Expatica news

German tells of kidnapping in Somalia

10 February 2004

NAIROBI – Despite spending 10 days in the wilds of Somalia in the hands of often jittery gunmen, United Nations security officer Rolf Helmrich was able on Tuesday to see the humorous side of his ordeal.

“It was funny in a way,” Helmrich told a news conference at a UN office in Nairobi two days after he was flown to freedom. The hostage takers, he said, “wanted me to be their commander.”

The captors seemed impressed with the military knowledge of the former lieutenant-colonel in the German Air Force. He identified one of their assault rifles as an East German-made AK-47 and could distinguish different types of rocket-propelled grenades in their arsenal.

The militia in turn showed him that the grenades have multiple uses. “I was sleeping on a mat and the corners kept blowing up in the wind, so they gave me grenades to weigh it down,” Helmrich said with a grin. “I was sleeping with two grenades on either side of my head.”

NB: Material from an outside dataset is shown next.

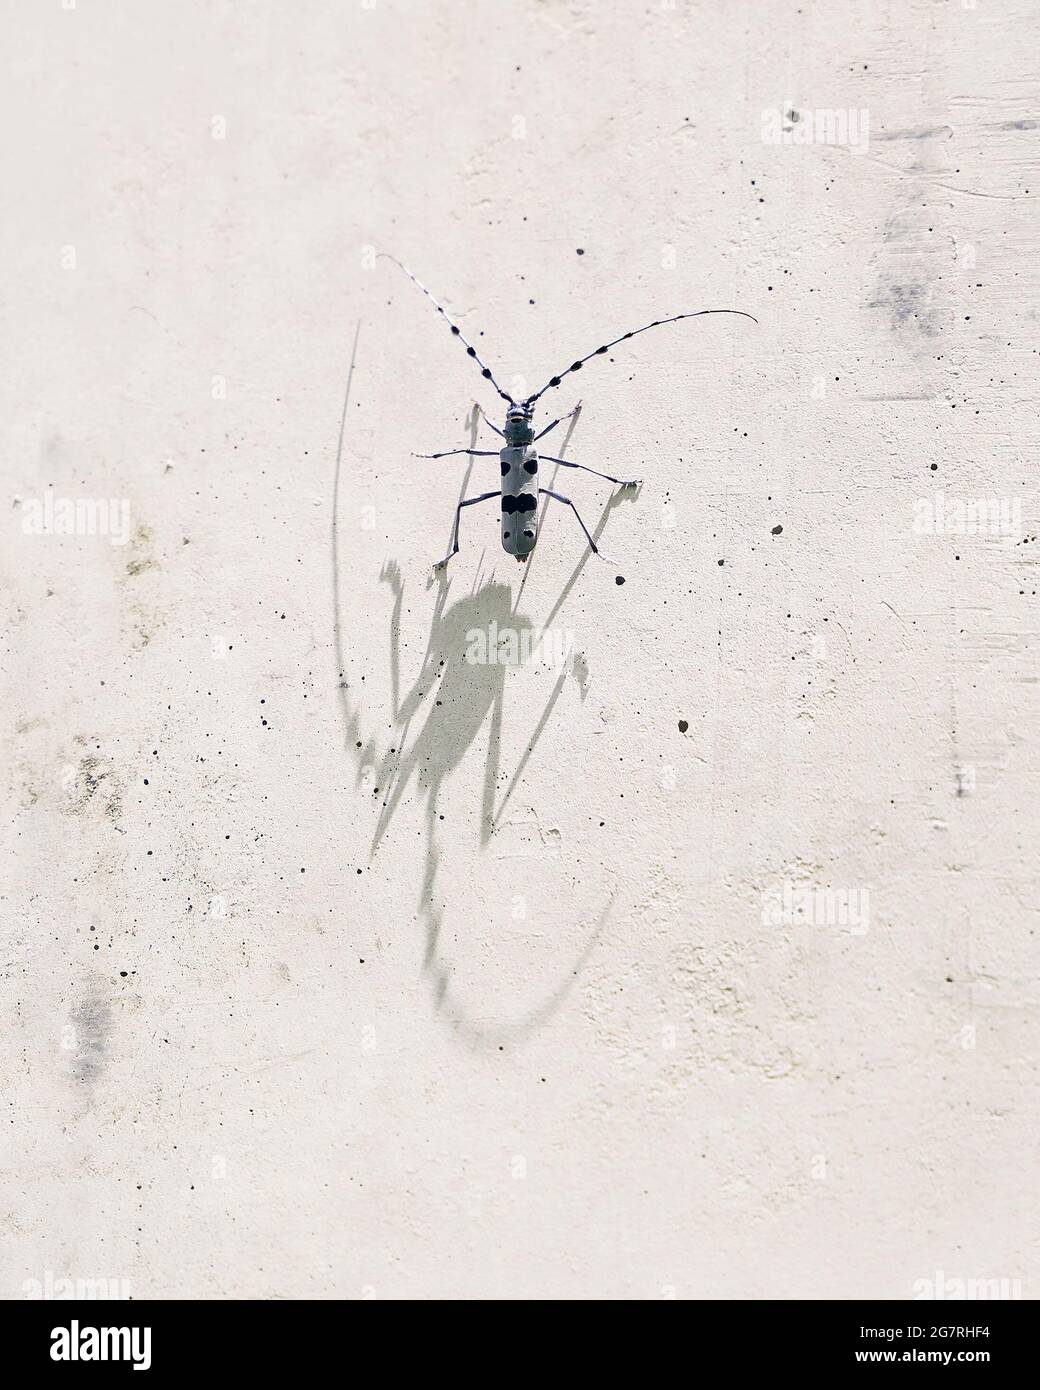 Escarabajo del longicornio de Rosalia lanzando una sombra del monstruo con sus antenas impresionantes del insecto Foto de stock
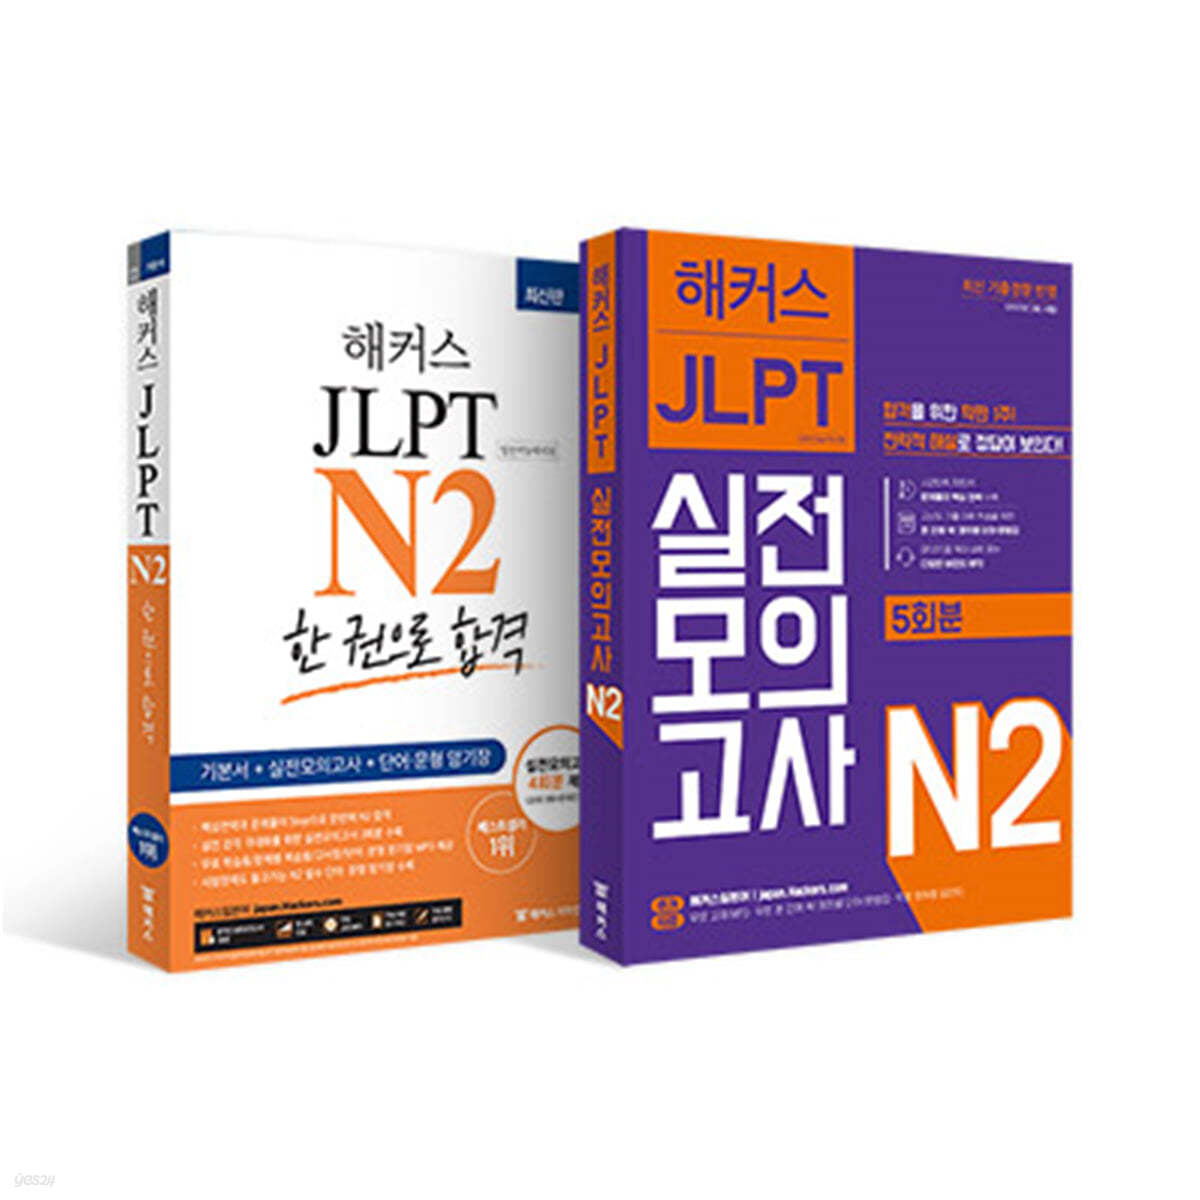 해커스일본어 JLPT 일본어능력시험 N2 기본서 + 모의고사 + 실전완성세트

About a dozen armed militia abducted Helmrich in broad daylight on January 29 at a roadblock near the southern town of Jilib, disarming his two bodyguards “just like that.”

Helmrich, 60, spent his entire captivity in the open air, walking by his own estimation some 50 kilometres. “I never saw a house, I never saw a bed, I never saw a toilet in the 10 days,” he said.

Each day, his main meal consisted of a tin of tuna chunks in vegetable oil. “You will have to look for a proper recipe to make me eat tuna again, maybe fried with a little onion and garlic.”

Last weekend he was released into the hands of four members of the Juba Valley Alliance, a military grouping that is the closest thing to a local government in southwestern Somalia.

Yet the moment of his release was the most frightening for Helmrich. As he was led away, he heard three shots that made him fear for his life. But it turned out it was merely a sign for the drivers to fetch their passengers.

Somalia has been dangerous territory for UN and other aid workers throughout its 12 years of anarchic civil war. Abduction has become a favoured money-making tactic of rogue militia groups that roam the land.

UN policy is not to pay ransom and the UN did not pay for Helmrich’s freedom, humanitarian co-ordinator Maxwell Gaylard said Tuesday.

Yet ransom – rather than a political grudge against the UN – was in all likelihood the motivation, Helmrich acknowledged. “I was just the first white person to come through that checkpoint,” he said.

Gaylard said the UN has withdrawn its international staff from southwestern Somalia and is reassessing its operating policies in light of the abduction. “We will sit down with Rolf, look at our procedures and see whether we need to tighten them,” he told reporters.

Helmrich said he would like to return to Somalia. “I still think I can calculate the risks I am taking,” he said. “We in the UN have to do something so as to bring about a solution for that country.”